# Getting an NIE for a newborn of parents with Spanish residency



## mere1331 (Feb 23, 2015)

I had a little boy 11 days ago at the Santa Anna hospital in Motril, Granada and have already registered his birth in the town where we live. They gave us paperwork for our embassies (my husband is a UK citizen and I am a US citizen) as well as the long birth record form and the libro de familia. 

I know we have a few more things to do: register at social security (we have 3 months), get the permanent health card (we have the temporary one now), get him UK and US passports, but I think we need the NIE to do all of the above. I remember going to the foreigner's office in Motril to get my NIE this past Sping (it's via my husband who is an EU citizen who works here) but I had a lawyer help me with the process.

Does anyone know what forms I need to fill out, if I need to make an appointment or can just go (with husband and baby of course), how to make an appointment, which docs I should bring with me and what to expect for holiday hours? 

My mom is visiting from the US and has a car so I was hoping to do it before she leaves on January 8 but realize this might be difficult with New Year's and then Reyes holidays. Many thanks in advance for any advice you can offer!


----------



## ElaineG (Jun 4, 2015)

I FOUND THIS:

You need to go to the Policia Nacional, Foreigners Office and present:

– baby´s passport

– certificado literal of Spanish birth certificate, translated and certified foreign birth certificate

– medical card

– residency certificate parent that presents and signs the application

– passport parent that presents and signs the application

– 2 photo´s (asked by some, not all offices)

Copies of everything.

Fill out form EX18 as the child´s legal representative.
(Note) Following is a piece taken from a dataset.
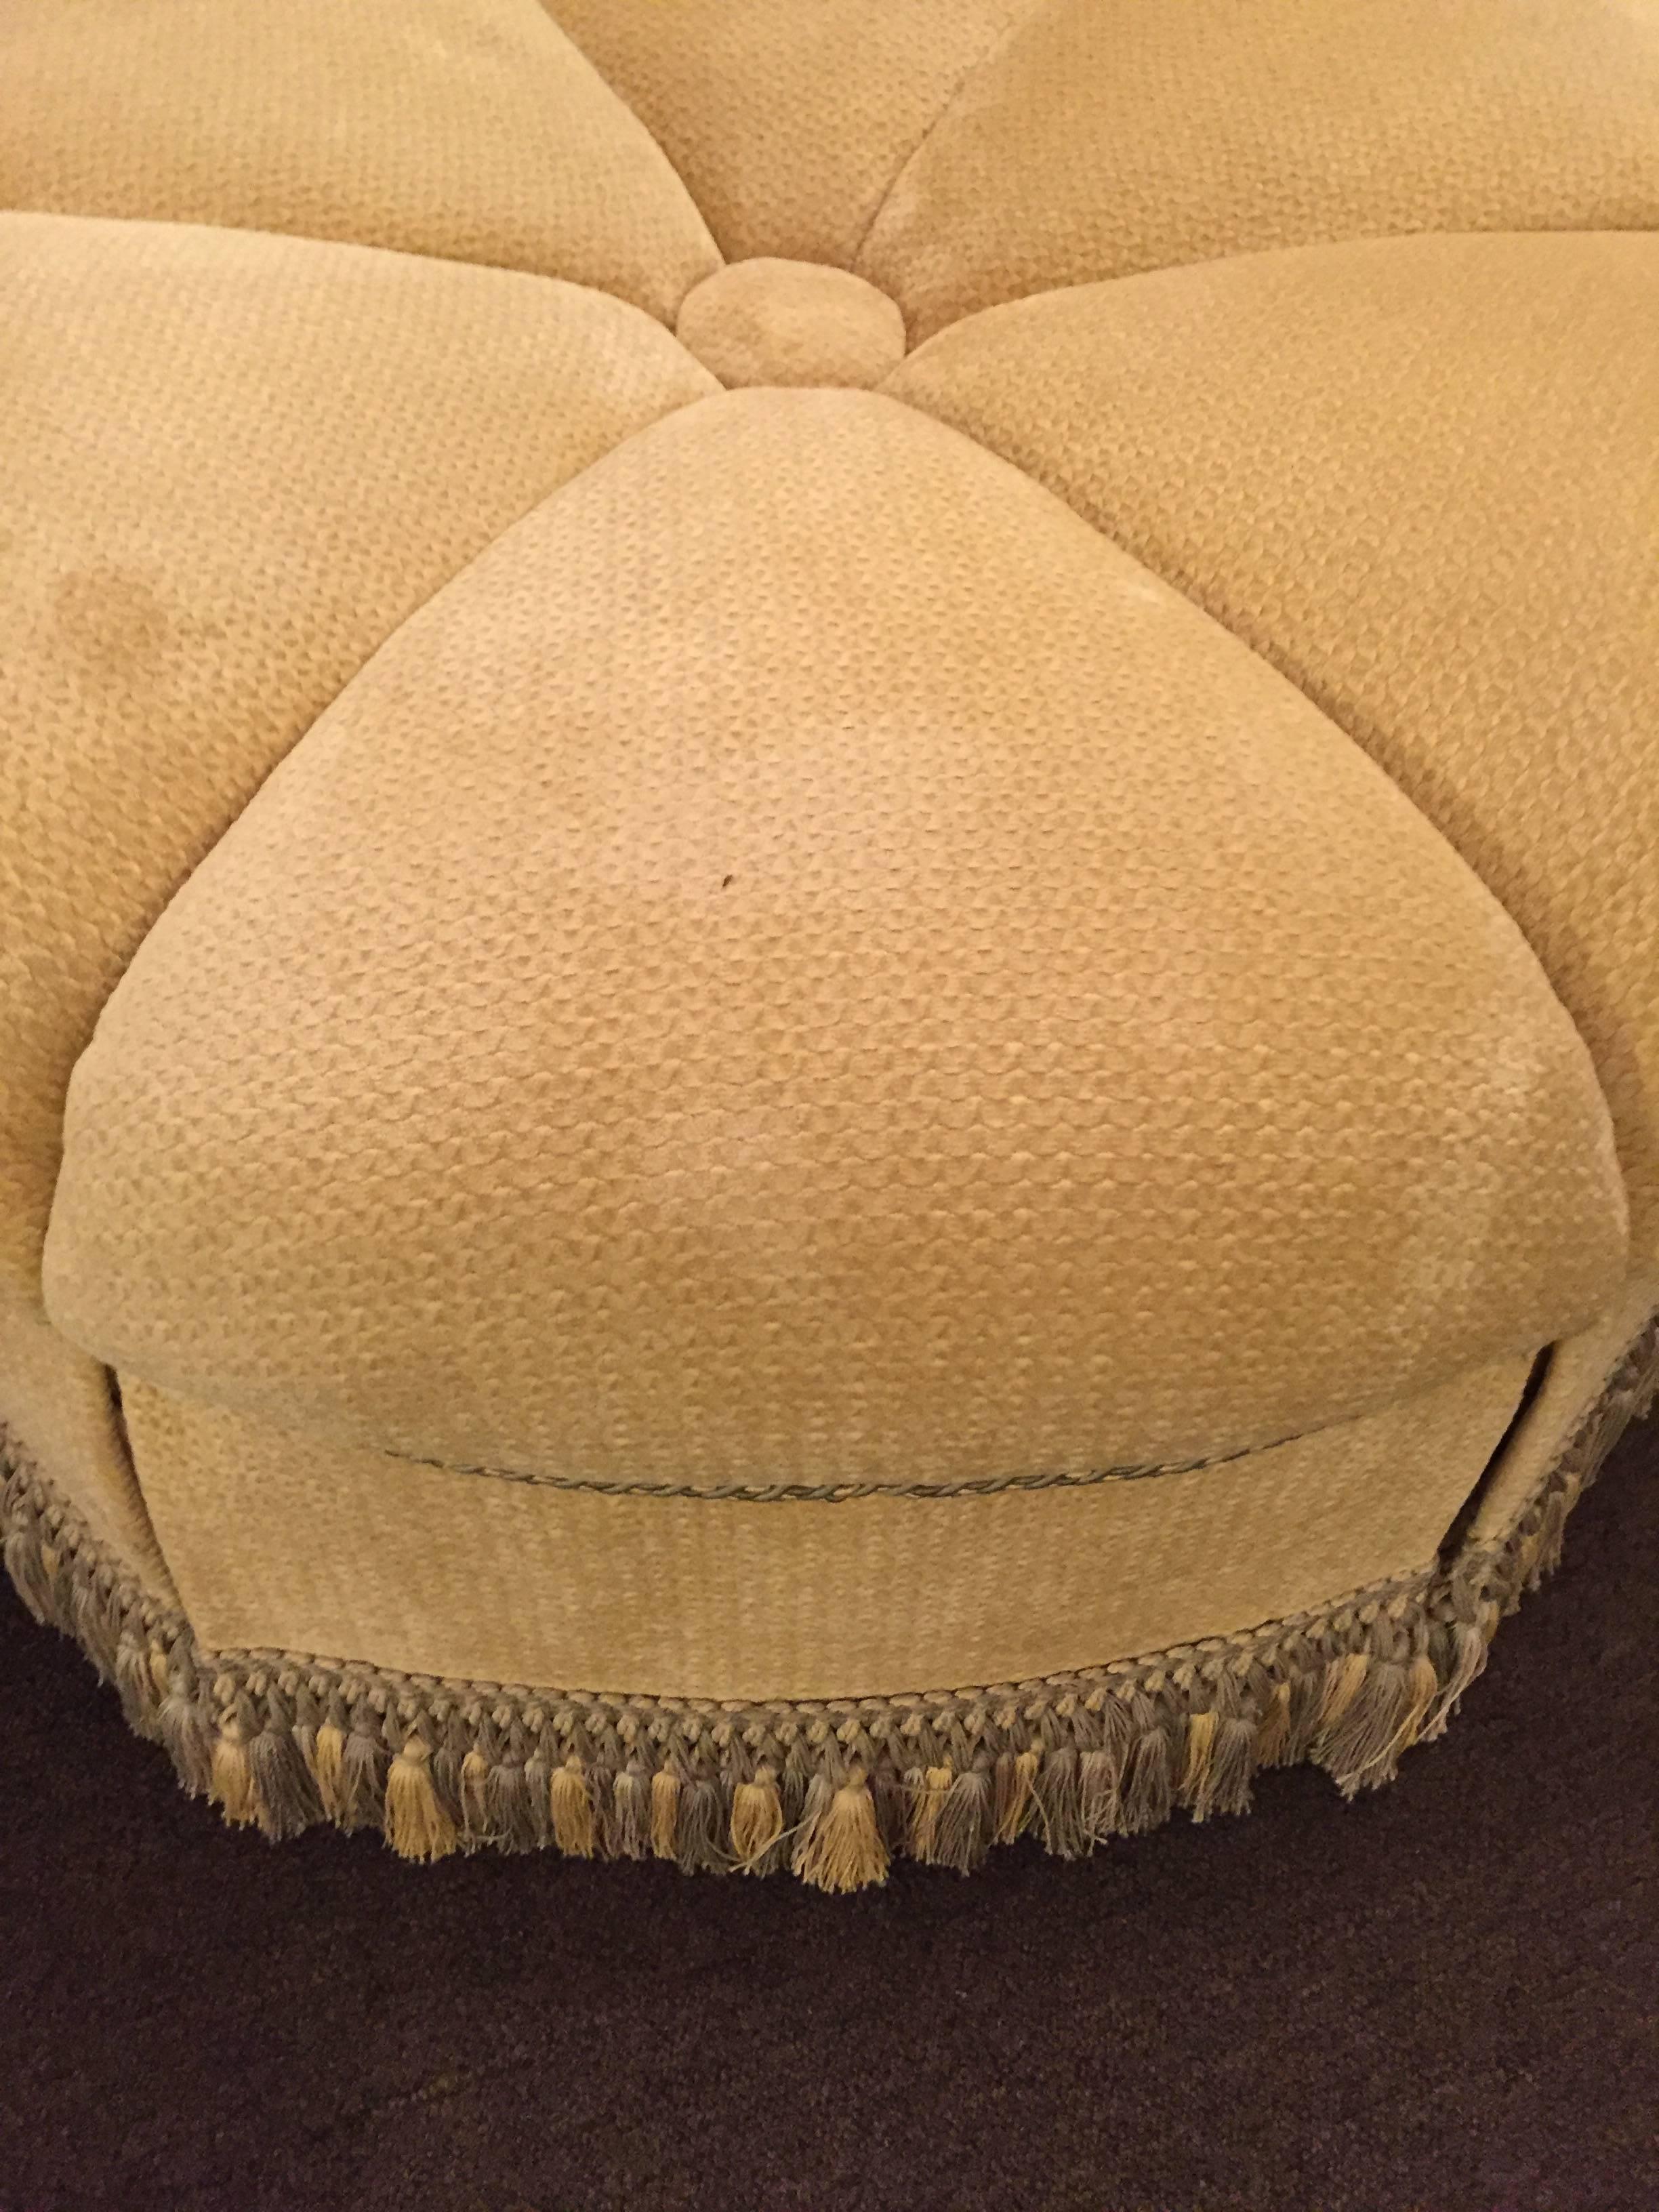 20th Century Circular Finely Upholstered and Lined Ottoman or Poof with a Tassel Fringe Base

You can find the form in our Library, Certificates Section.

Note: in most cases the baby/child will not have an NIE number yet. You do not have to apply for this separately, will be 2-in-1 procedure and his/her NIE number will be printed on the residency certificate.


----------



## mere1331 (Feb 23, 2015)

Many thanks! What if the baby doesn't have a passport yet? Do you know if I have to request an appointment at that office or can go directly?


----------



## ElaineG (Jun 4, 2015)

Then I guess you cannot apply if that is a requirement


----------



## mere1331 (Feb 23, 2015)

But I don't believe I can get a passport for him unless I have the Spanish NIE-- does anyone know which application comes first?


----------



## Lolito (Aug 25, 2012)

I thought babies from parents that are 'extranjeros' that are born in Spain, are automatically Spanish?

Can you not register him as Spanish and then eventually you can do the other nationalities without having to rush?


----------



## 213979 (Apr 11, 2013)

mere1331 said:


> But I don't believe I can get a passport for him unless I have the Spanish NIE-- does anyone know which application comes first?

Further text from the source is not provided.